◆ INFORMATION SUPPLIED ◆

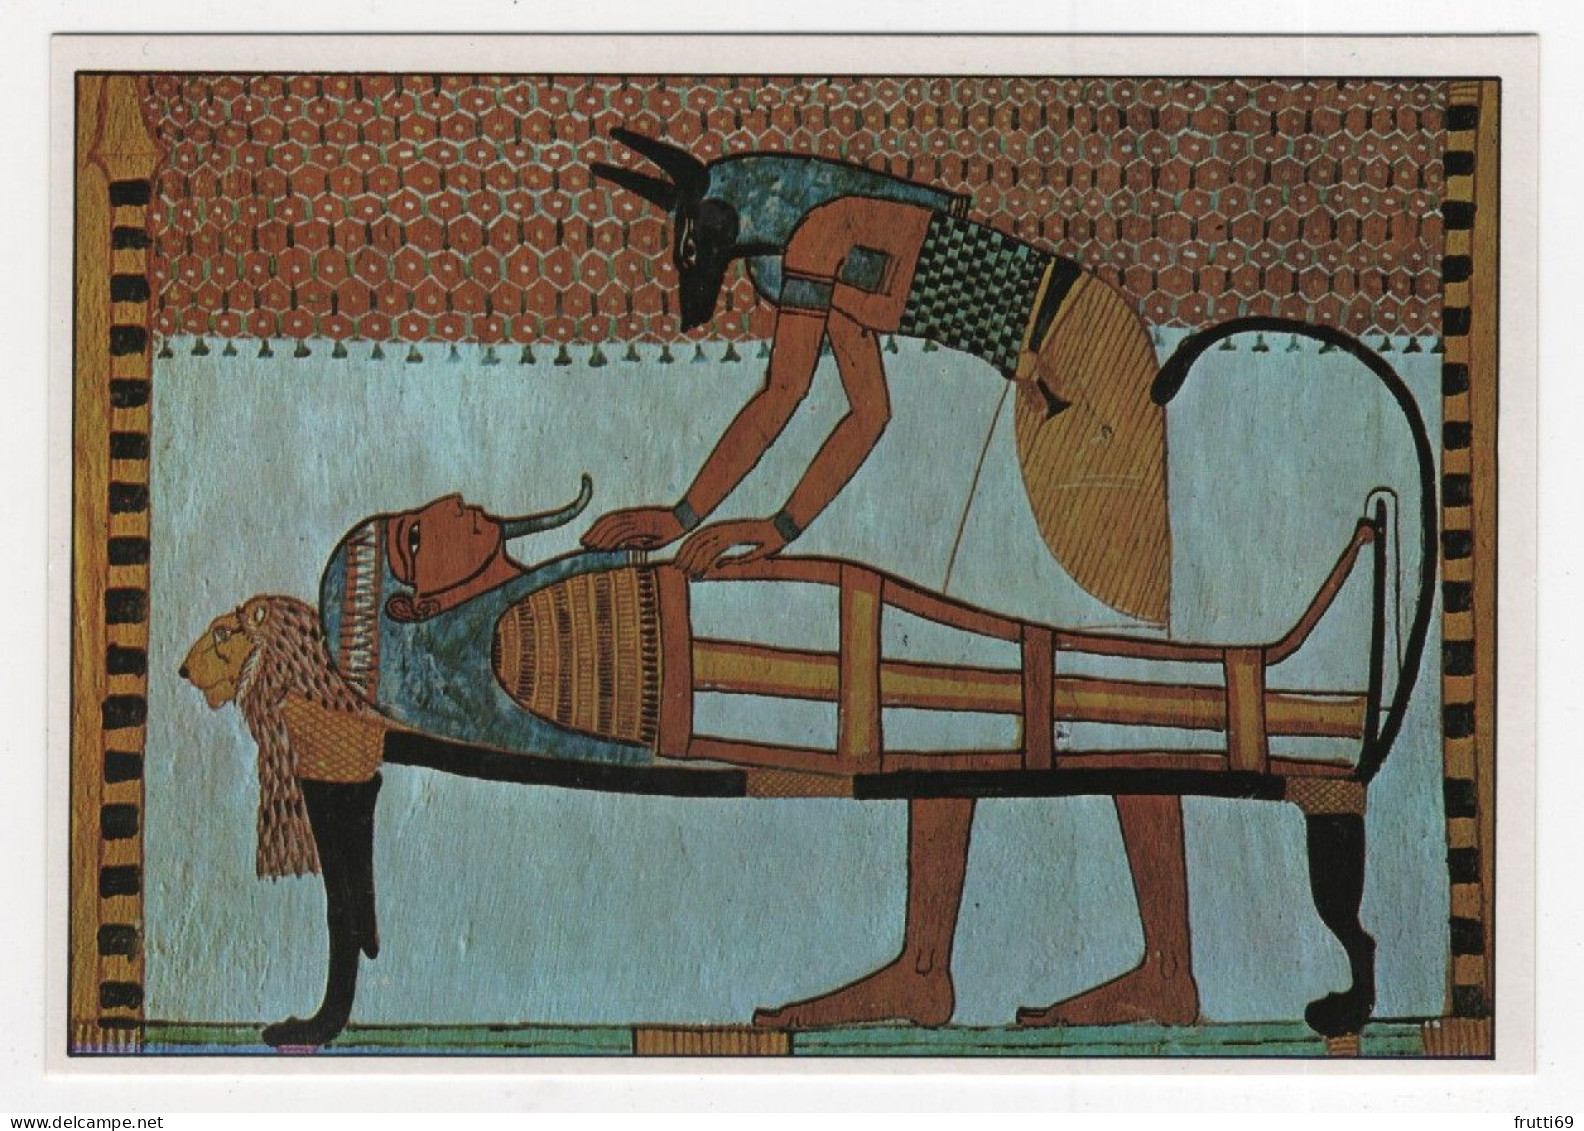 AK 210283 ART / PAINTING ... - Ägypten - Theben - Deir El-Medina - Grab Des Sennodiem -Anubis Mumifiziert Einen Leichnam - Antiek
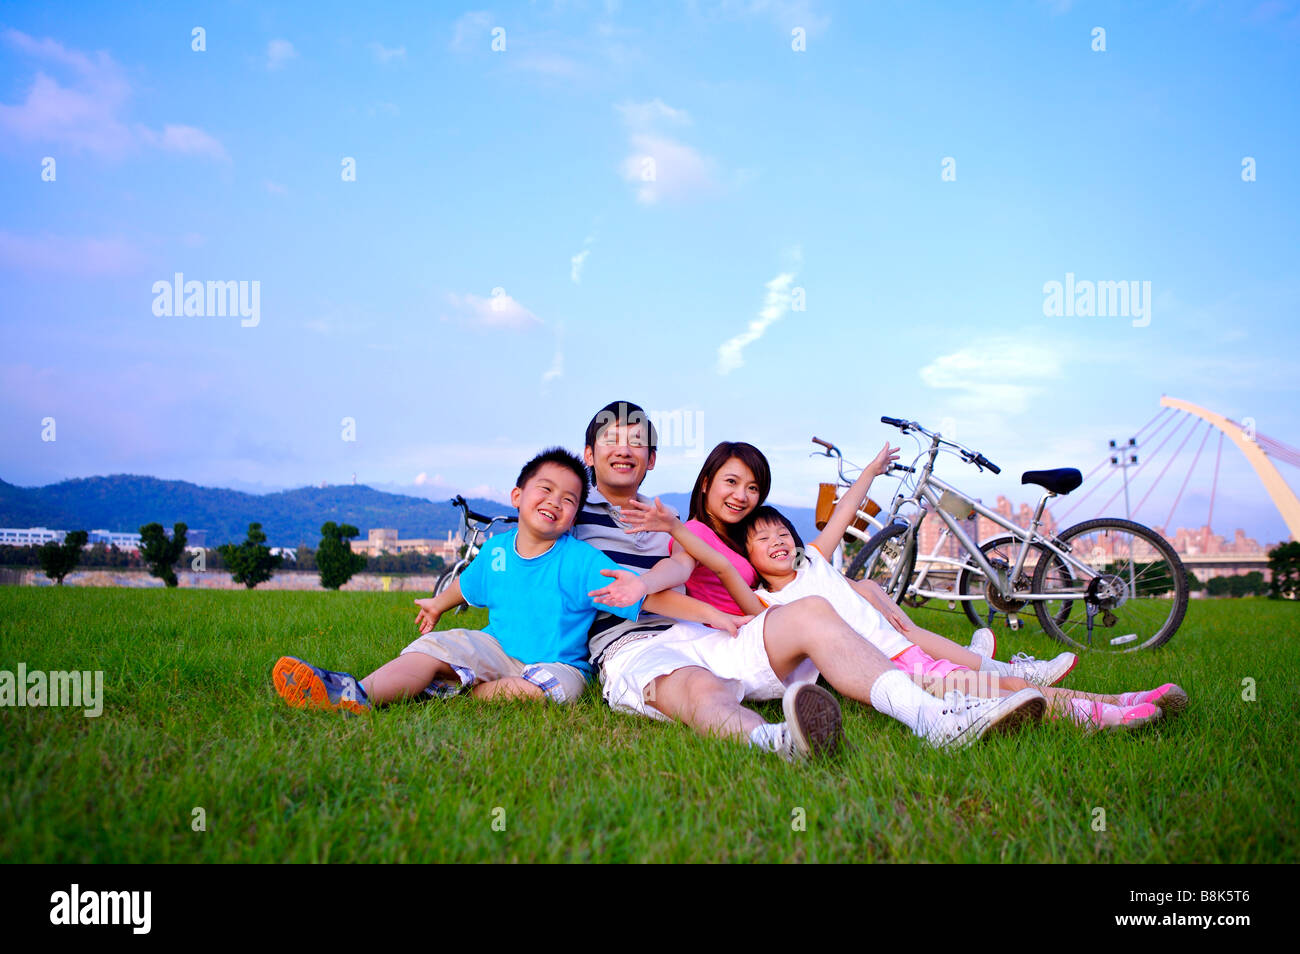 Junge Familie mit zwei Kindern zusammensitzen auf dem Rasen und glücklich lächelnd Stockfoto
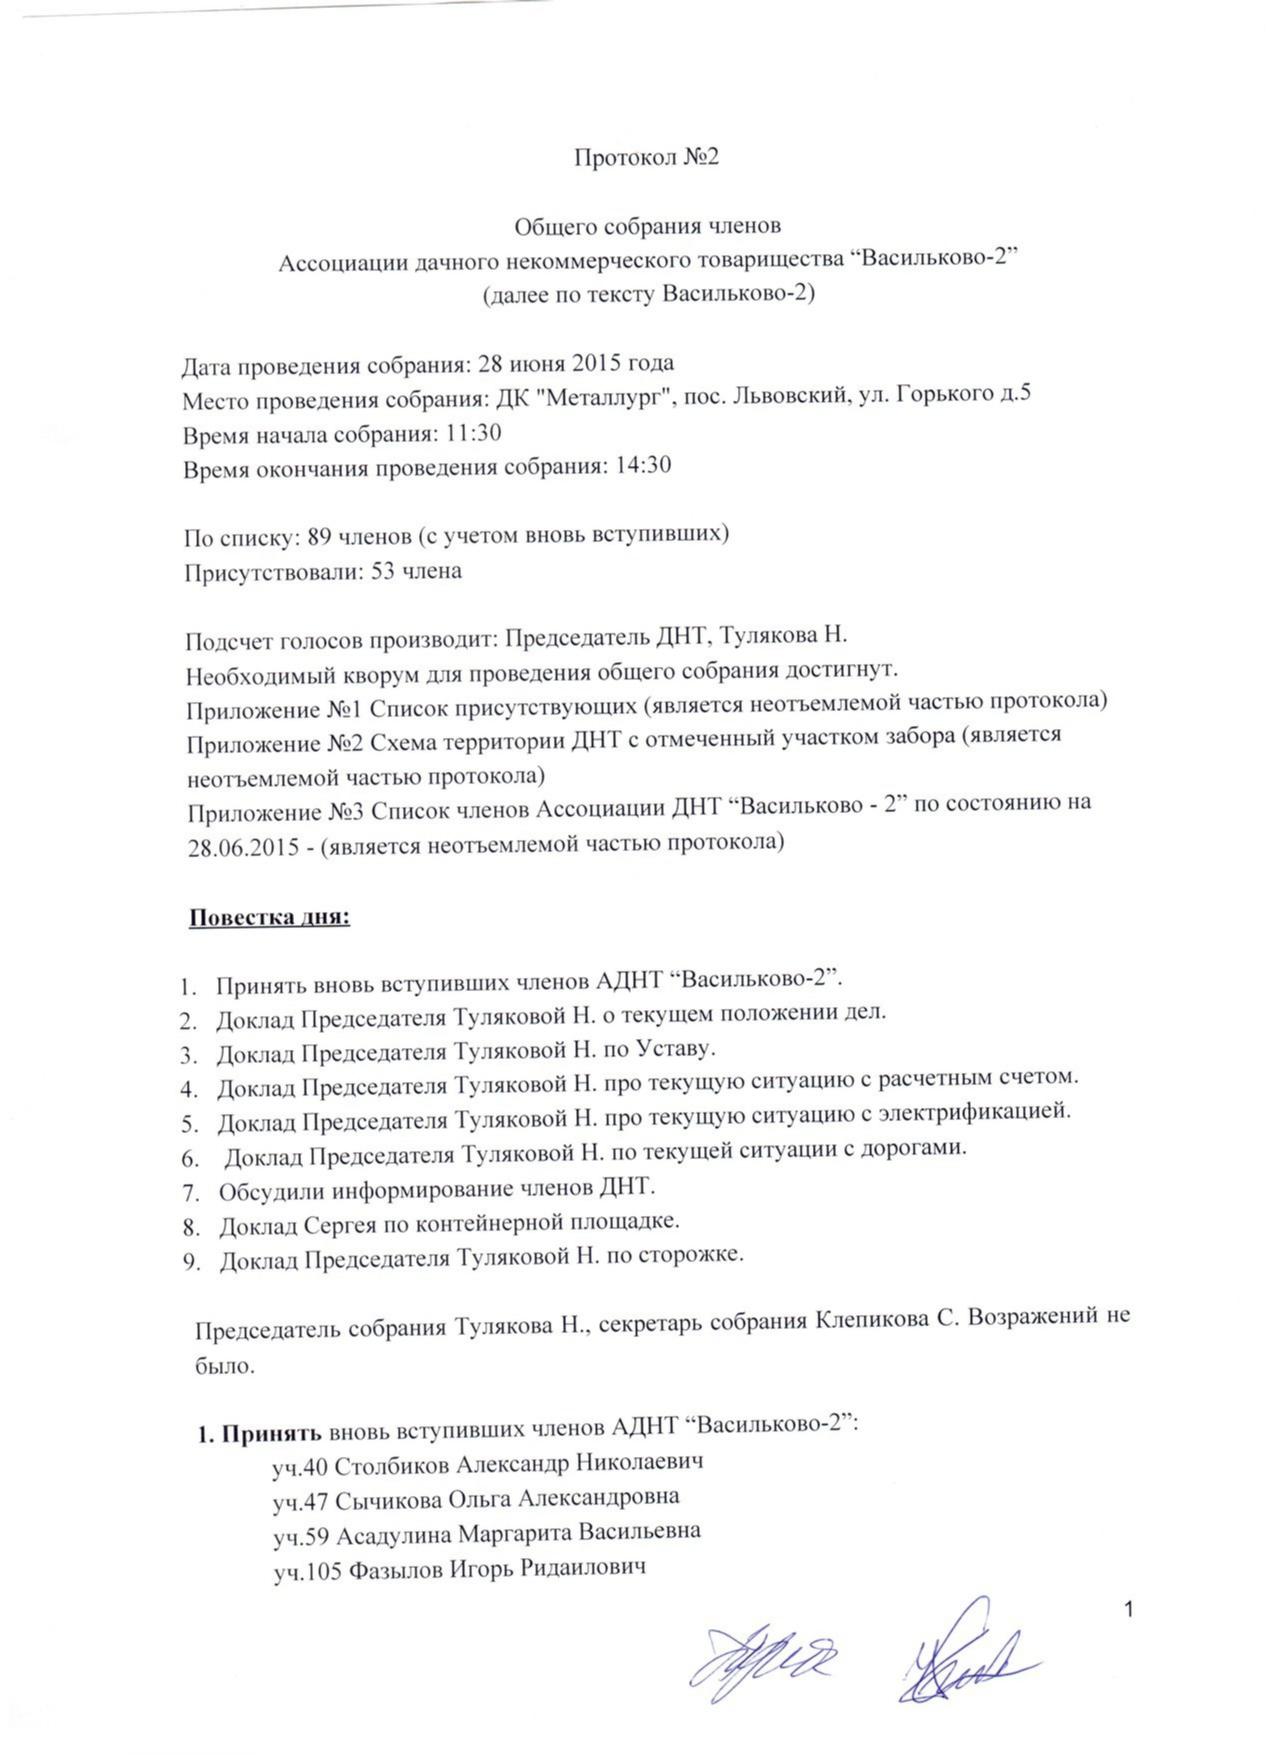 Протокол ОС 28.06.2015 страница 1

◆ EXERCISE OBJECTIVE ◆
This task calls for the lines from the line containing "Junge Familie mit" through the end of the listing, set down exactly and only, with pictures omitted.

◆ TASK ANSWER ◆
 Junge Familie mit zwei Kindern zusammensitzen auf dem Rasen und glücklich lächelnd Stockfoto
 Протокол ОС 28.06.2015 страница 1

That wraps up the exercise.